### Work order
Among the lines of data below, reproduce only those from the one with "around the courtroom." through the one with "#BadgerNationSponsor #supportbikers #orneryones", exactly as they stand, both ends included.
──────── Material for the task ────────
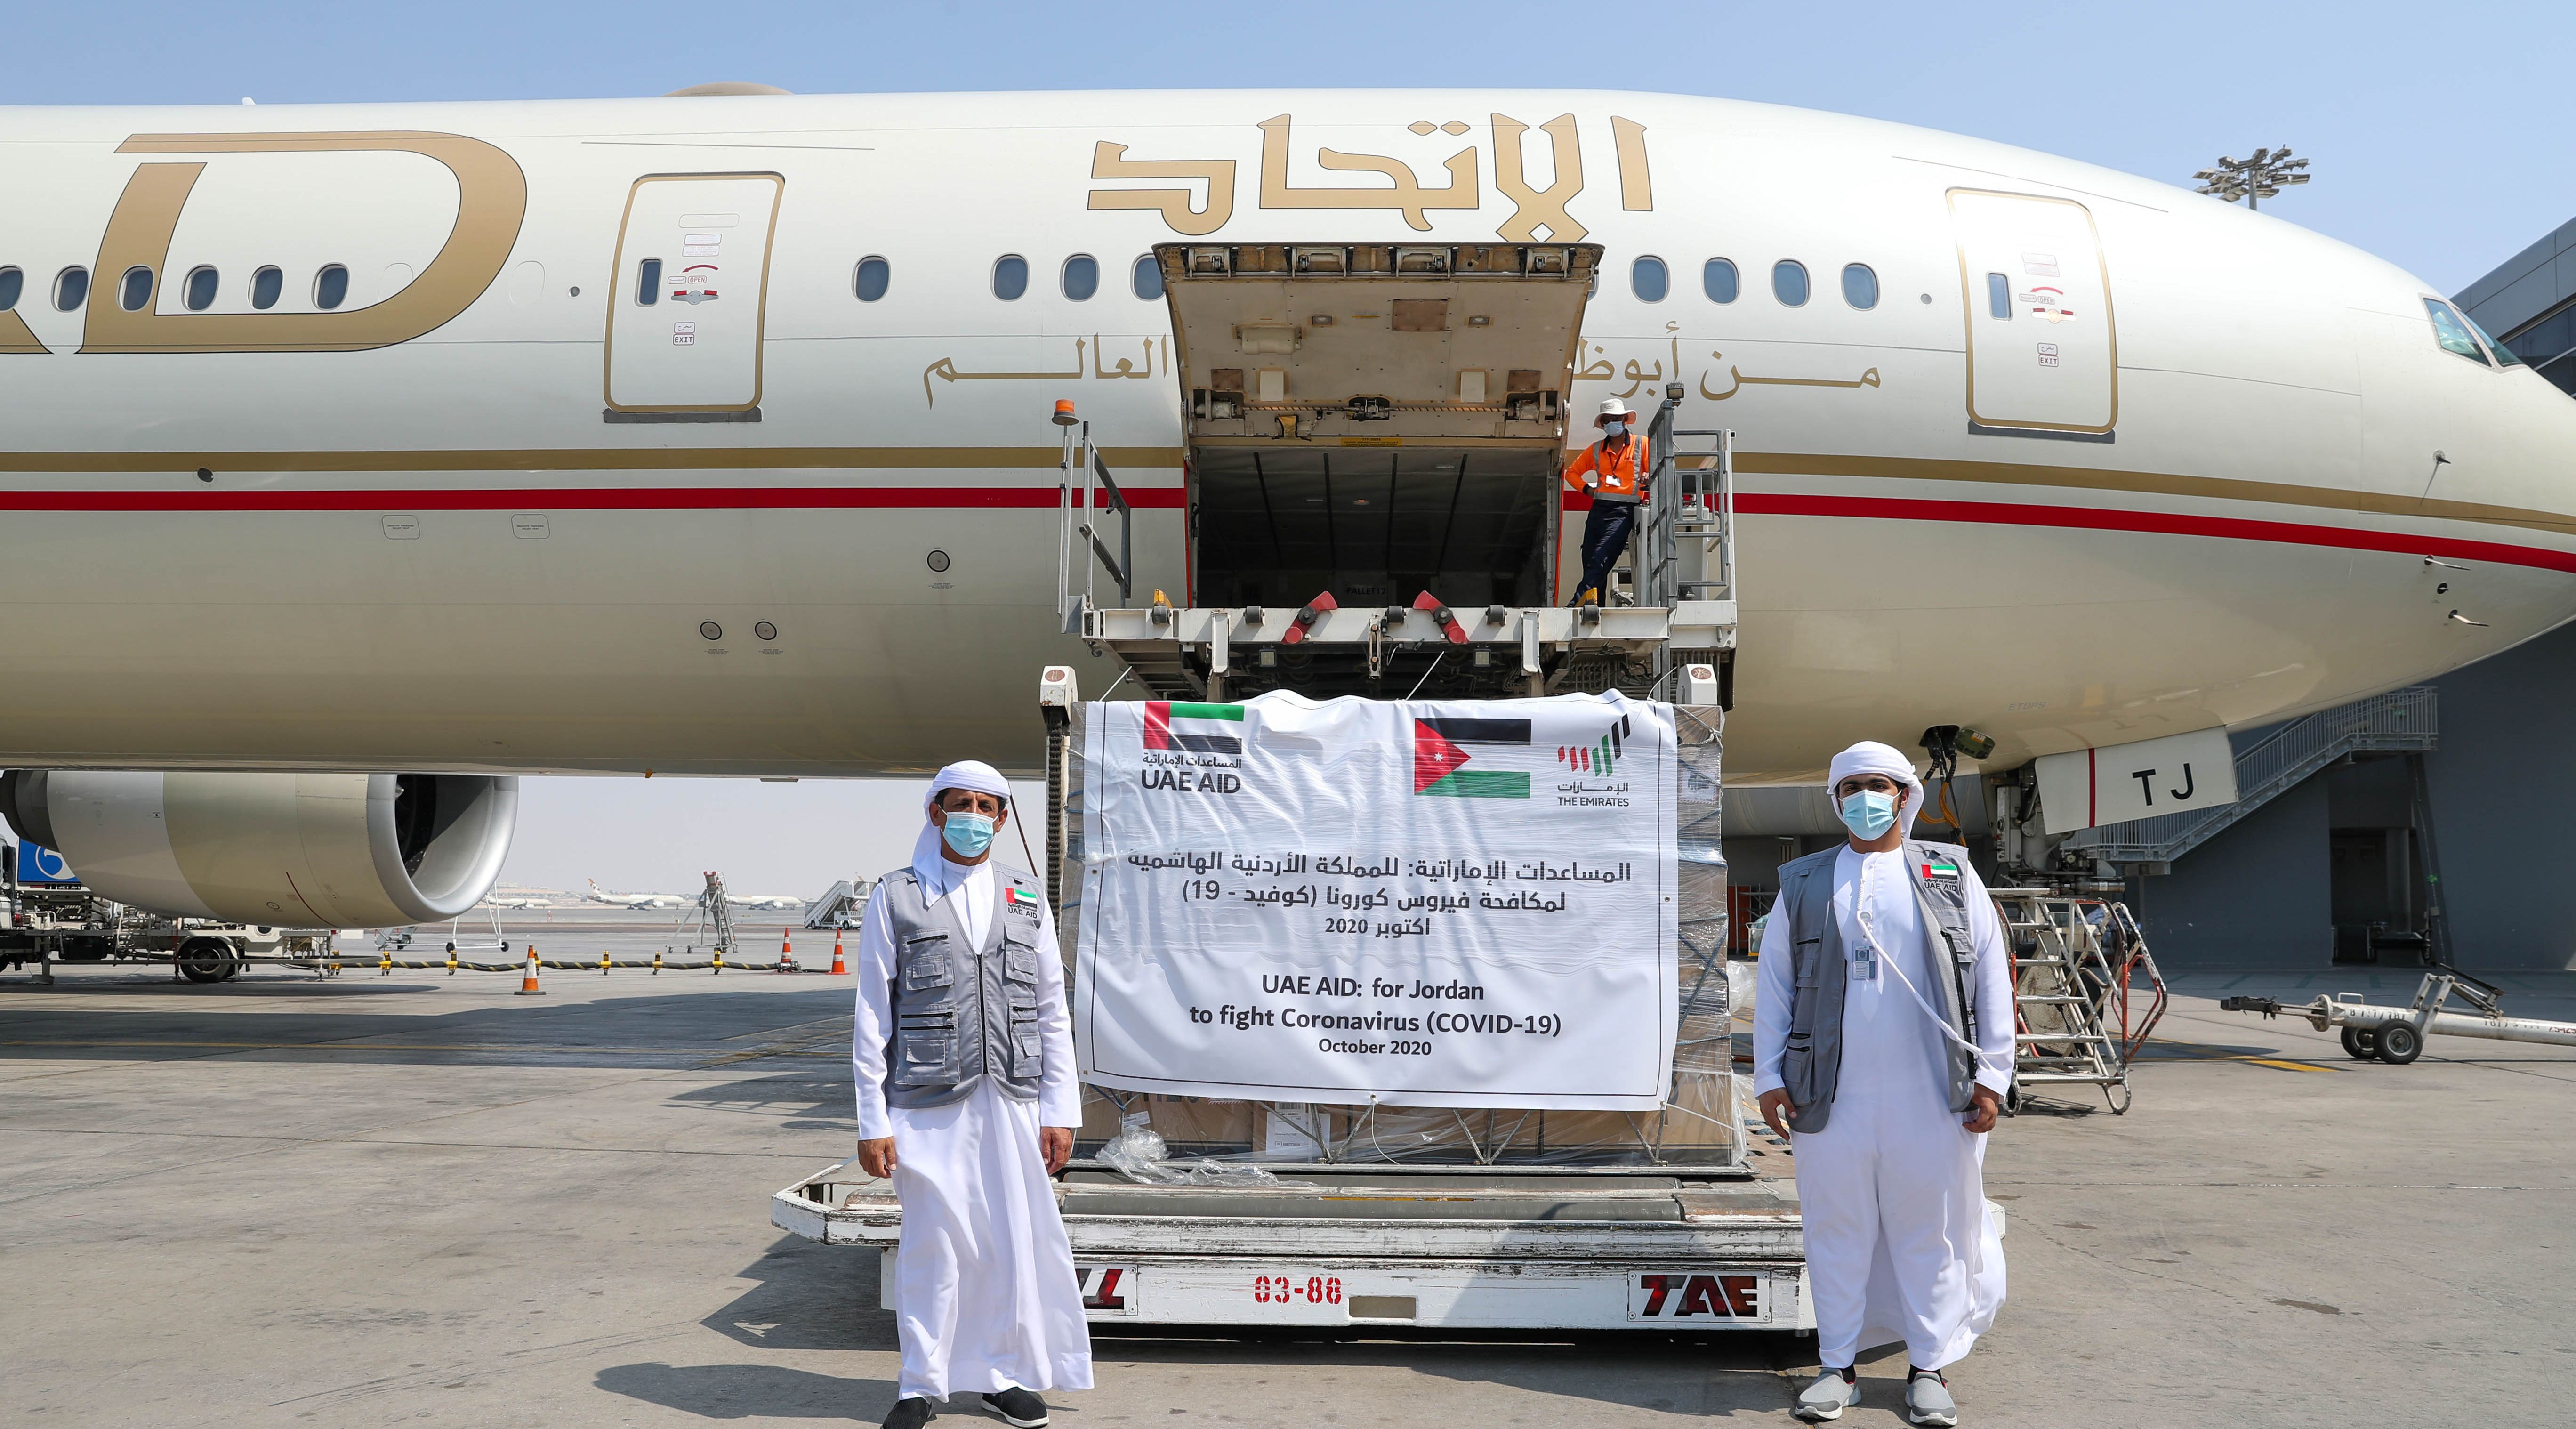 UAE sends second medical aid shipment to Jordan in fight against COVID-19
────────
──────── Material for the task ────────
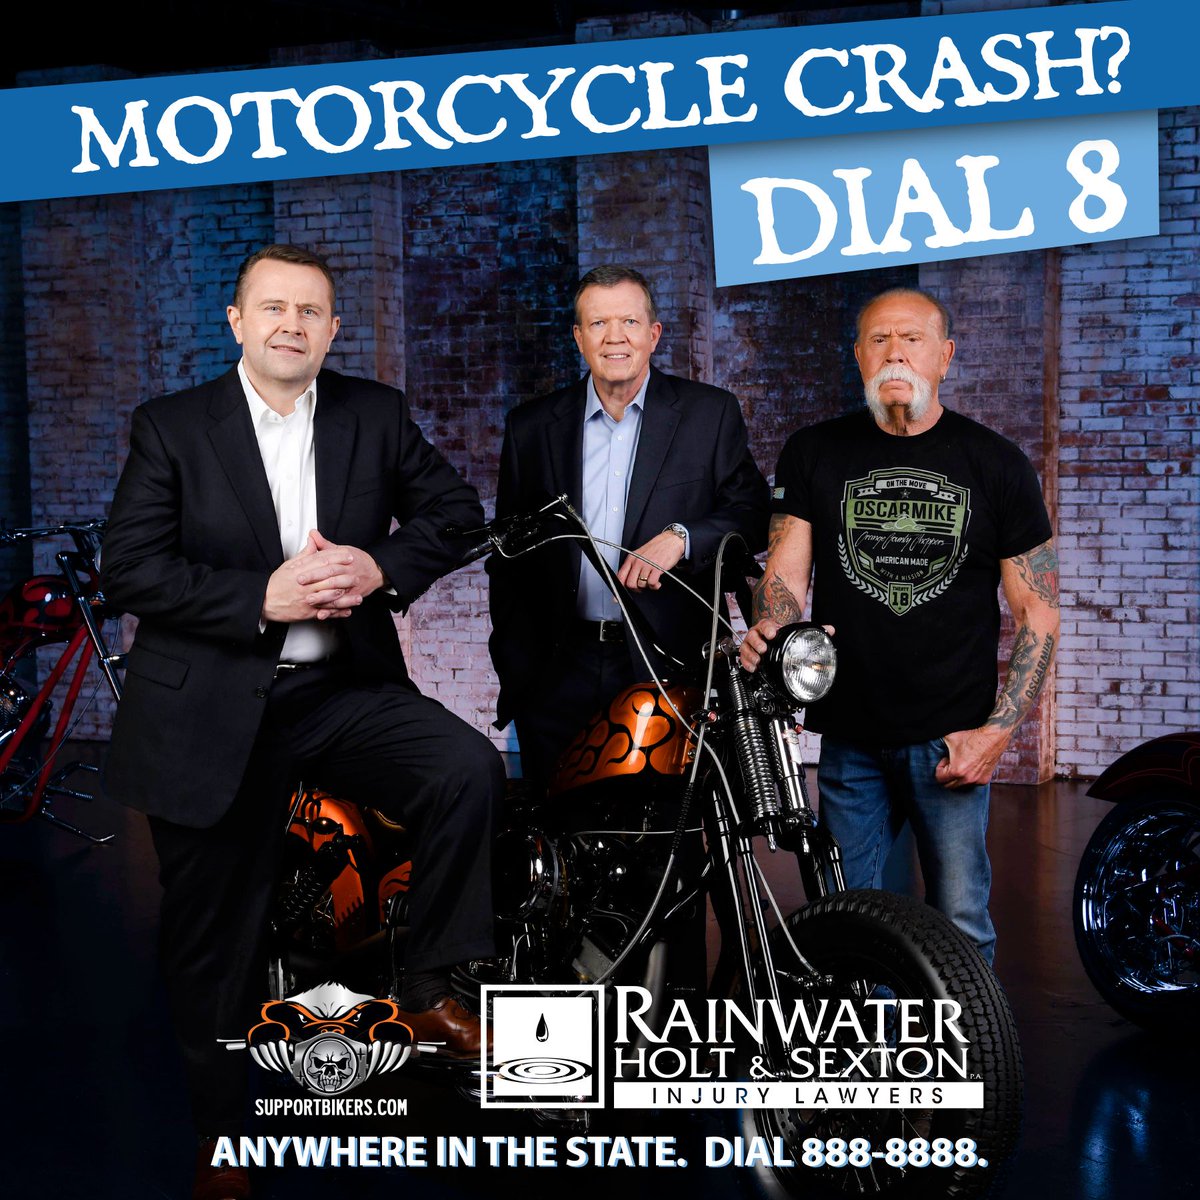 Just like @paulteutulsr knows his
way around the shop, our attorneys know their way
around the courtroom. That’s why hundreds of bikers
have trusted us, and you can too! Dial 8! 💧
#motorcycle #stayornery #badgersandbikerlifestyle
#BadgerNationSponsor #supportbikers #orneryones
────────
### Solution below
around the courtroom. That’s why hundreds of bikers
have trusted us, and you can too! Dial 8! 💧
#motorcycle #stayornery #badgersandbikerlifestyle
#BadgerNationSponsor #supportbikers #orneryones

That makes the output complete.